Last month, I presented a paper entitled “Are Are Undergraduate Creative Coders Clean Coders? A Correlation Study” at the 53rd ACM Technical Symposium on Computer Science Education. Read the full paper here (open access). It was a fun division from my main research topics and it proved to be interesting enough to generate some attention. In this post, I’ll summarize our findings.
I’ve published and written about creativity before, for example explaining our “exploring creativity for software engineers” focus group study. While evaluating first-year student projects with an open-ended assignment, I saw some really cool and unique approaches and some really mundane ones. When opening up the code, the results are similarly diverse, but not necessarily neatly linked: one student’s creative project turned out to be a complete mess on the inside.

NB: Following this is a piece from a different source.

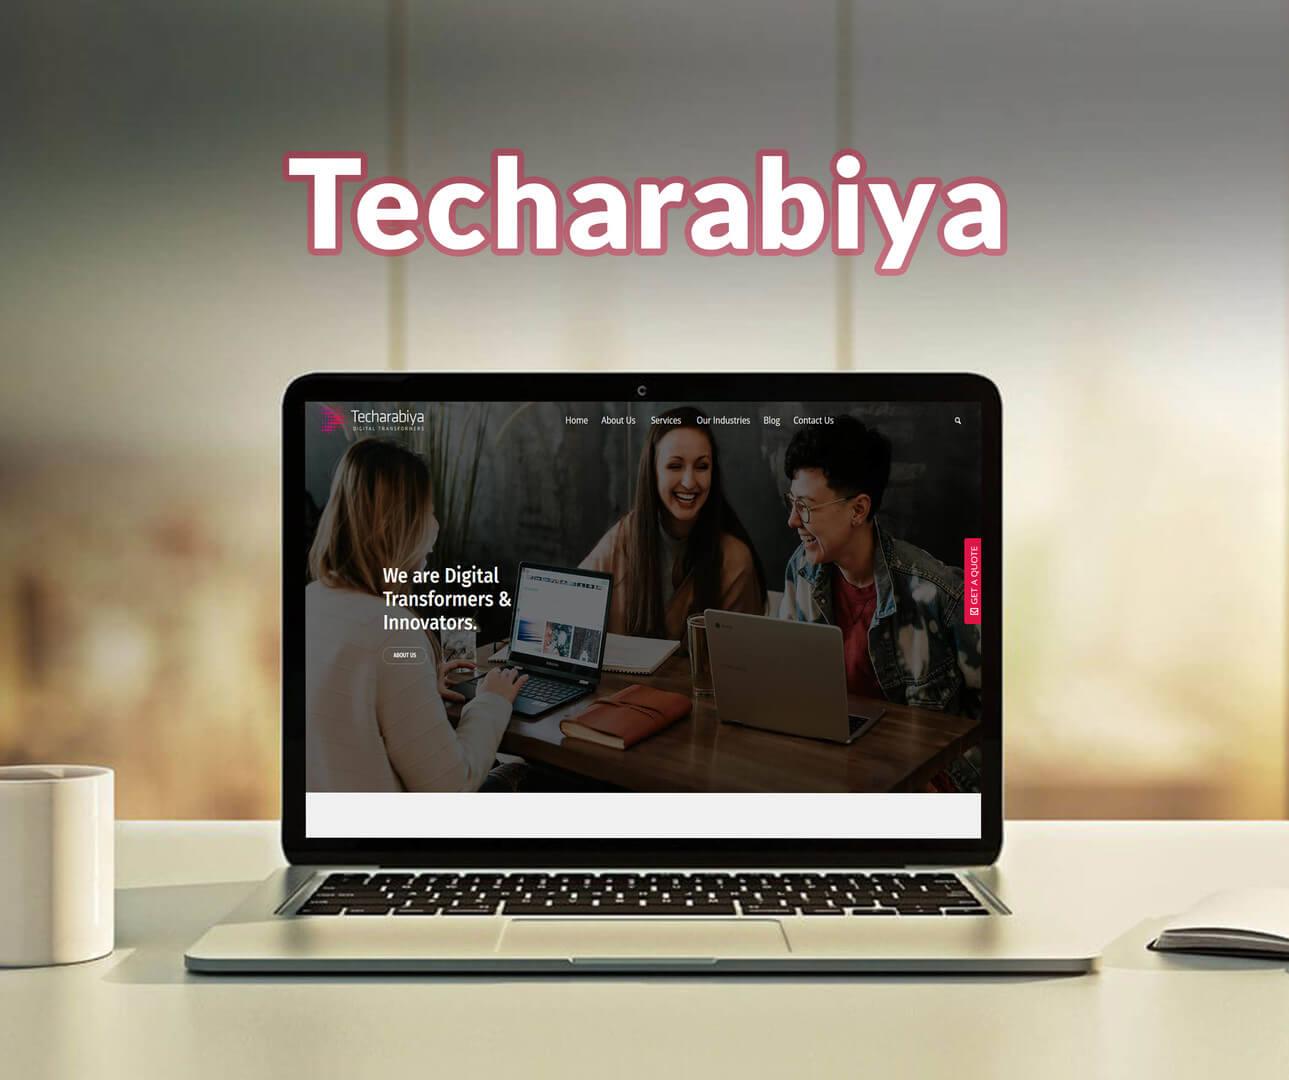 Techrabiya Website Development

Hence, we wondered: is there a possible correlation between the creativity of student projects and the code quality? During our CS1 course, which is taught in Java, we pay too little attention to the concept of clean code. There’s simply no room in that course! Furthermore, these are first-year engineering students that might end up specializing in chemistry. And yes, they all need to learn to program, so it makes little sense to start hammering in test-driven-development (we tried).
Other studies, primarily in cognitive psychology, already hint at the potential relationship between quality and creativity. Kaufman defined creativity as something that is original, qualitative, and relevant to the task at hand. Jordanous mentioned in a 2018 paper on computational creativity systems:
These two concepts are highly interrelated, to the point that it is difficult (and perhaps inappropriate) to define creativity without incorporating quality judgements into that definition (of creativity).
Gathering the data
First problem: how do you “measure” creativity? As I wrote in Creativity Self-Assessment Is Nonsense, this is a deceptively complex problem! What will you measure, the creativity of the code? The UI or graphics? Who will measure it? Does this measure everything? And so forth. To cut a long story short, we kind of side-stepped the problem by using Amabile’s Consensual Assessment Technique (CAT). The CAT system allows several judges to simply issue a score: 1 is not creative and 10 is very. That’s it. By using the average of multiple judges' scores (and debating if the standard deviation is too far off), the global score does say something about the creativity of every aspect of the project.
The average creativity of the projects was
5.92 out of
10. The average total score for the projects was
13 out of
20. There’s a normal distribution included in the paper for the curious.
Second problem: how do you measure the clean code quality of a programming project? That’s an easier question to answer, as there are static code analysis tools that do exactly that, such as PMD, the one we used. PMD analyses Java code—it also supports other languages—and simply reports the code quality issues in a certain format. It’s highly configurable too, and you can create your own rules if you don’t like the “quickstart” guidelines. It reports things like:
- Flow problems (Cyclomatic Complexity, empty if/catch statements, …);
- Idiom problems (resources not closed, unused local variables or fields, …);
- Expression problems (simplifyable boolean expressions, confusing ternary operators, …);
- Decomposition problems (singular fields, copy-paste detector for x lines, …);
- Modularization problems (High coupling, too many fields/methods, …).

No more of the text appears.